Target of the present work is the synthesis of different series of quinazolinone derivatives bearing the iodine atom at position-6,3-trifluoromethyl phenyl at position-3 and various substituent at position-2 at the 4(3H)-quinazolinone moiety as a trial to acquire more secure and potent antitumor and antiviral agents. The antitumor and antiviral activities of the synthesized derivatives were carried out. The effect of substituent at position-2 of 4(3H)-quinazolinone moiety on the biological activities was studied. A comparative study to deduce a structure activity relationship (SAR) was pointed out and discussed.

Antitumor properties

Antitumor properties of the synthesized compounds in comparison with the standard drug, doxorubicin was evaluated by using sulforhodamine B colorimetric (SRB) assay (Skehan et al. 1990) for HepG2, MCF-7, and A549 cell lines.
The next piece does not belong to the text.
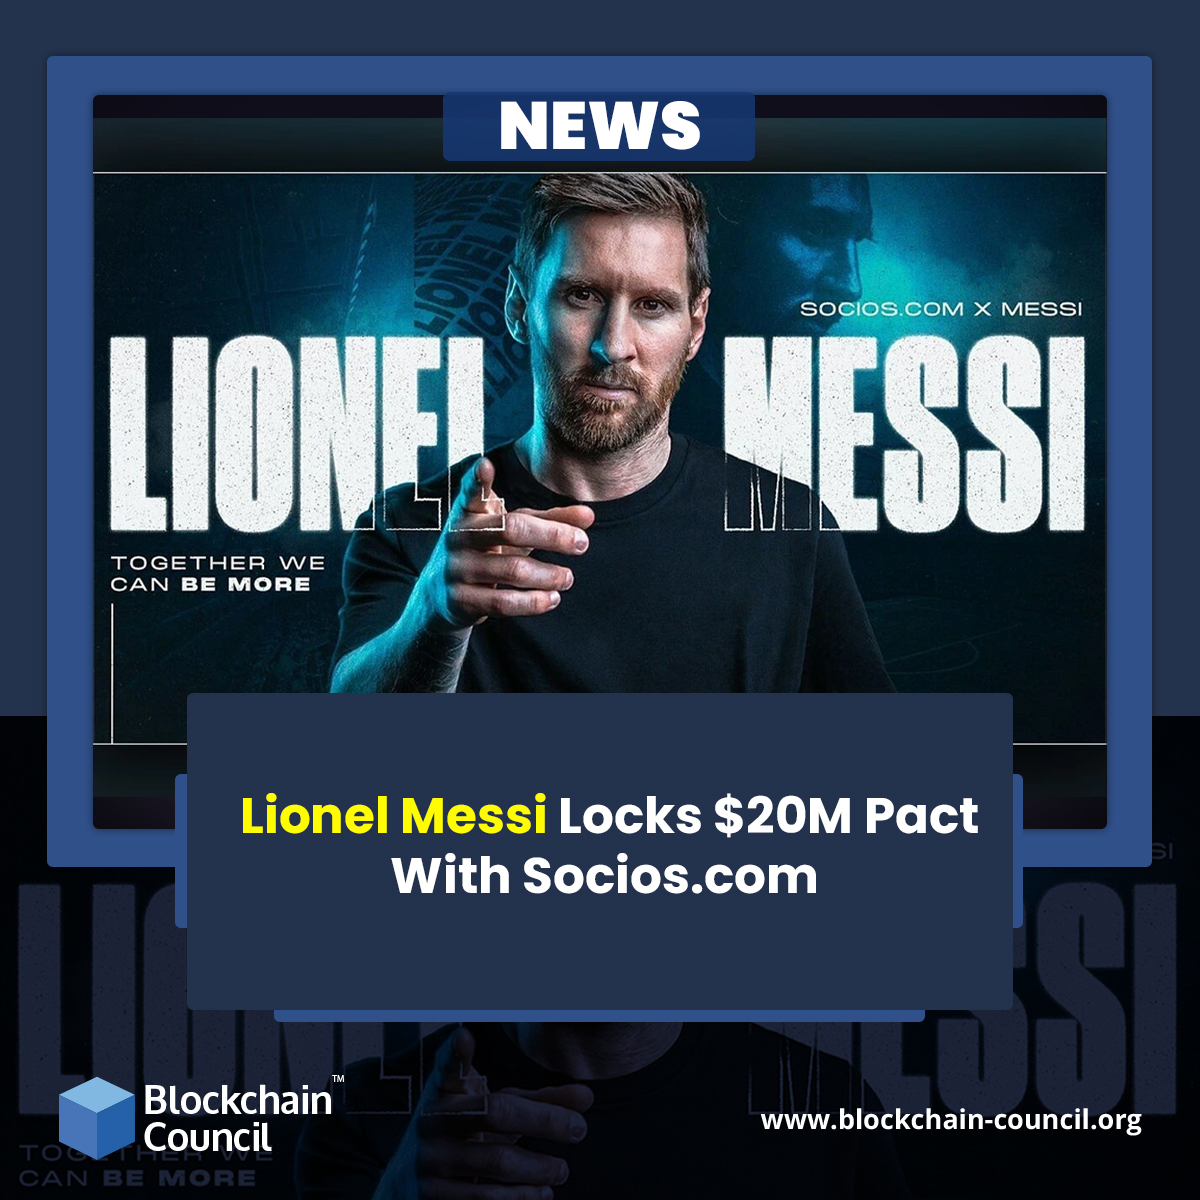 Lionel Messi Locks $20M Pact With Socios.com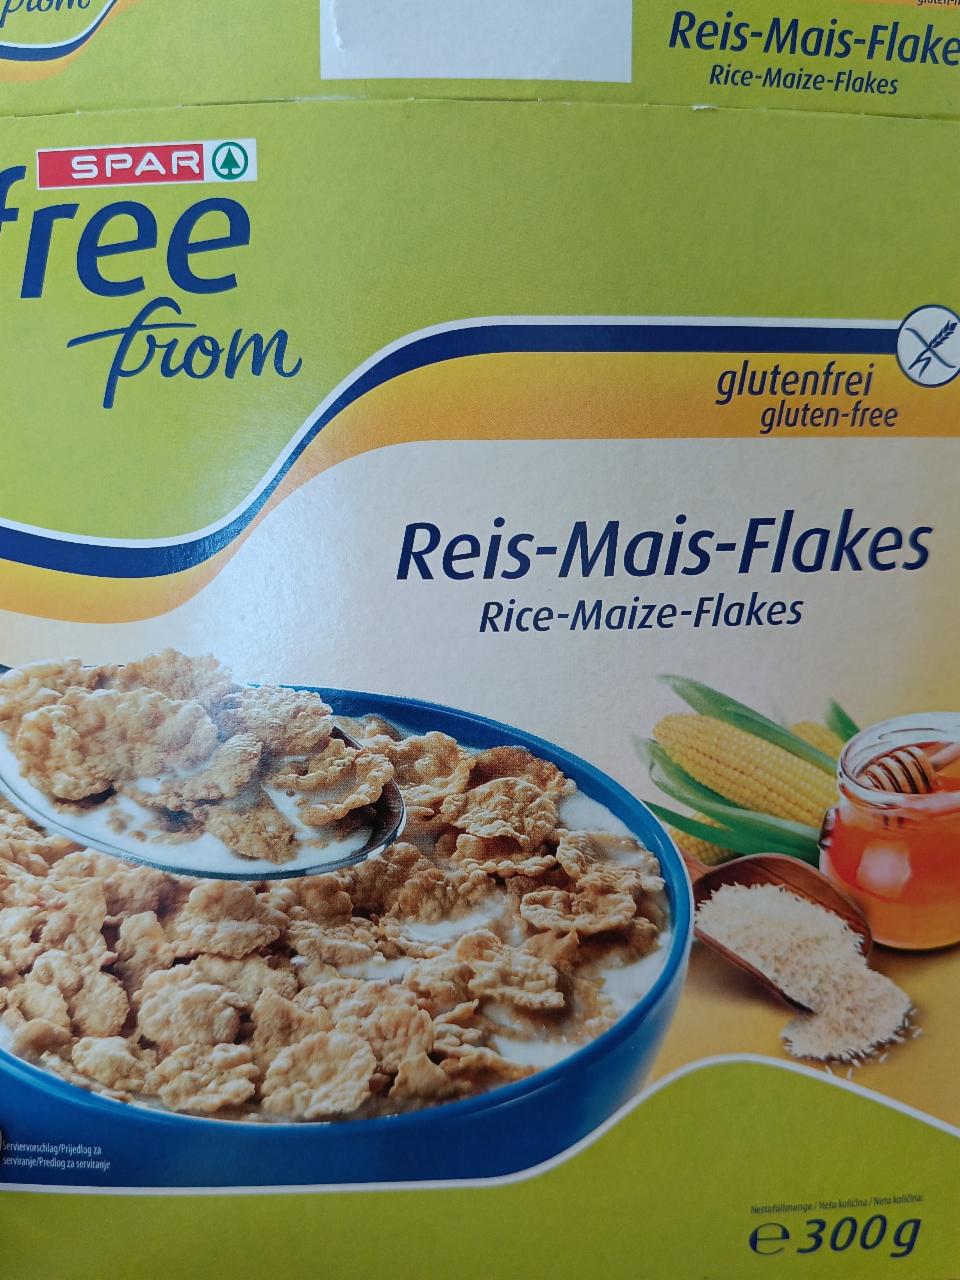 Fotografie - Reis-Mais-Flakes Spar free from

Most of the tested compounds were found to be potent against both cell lines HepG2 and MCF-7. IC50 values ranging from 6.45 to 39.64 nM/mL for HepG2 from 11.82 to 52.29 nM/mL for MCF-7, while the IC50 values of standard drug doxorubicin was 5.34 and 6.81 nM/mL for HepG2 and MCF-7, respectively. Also, the results showed that compound 4a was found to be potent similar to the doxorubicin against HepG2 and MCF-7 cell lines (Table 1).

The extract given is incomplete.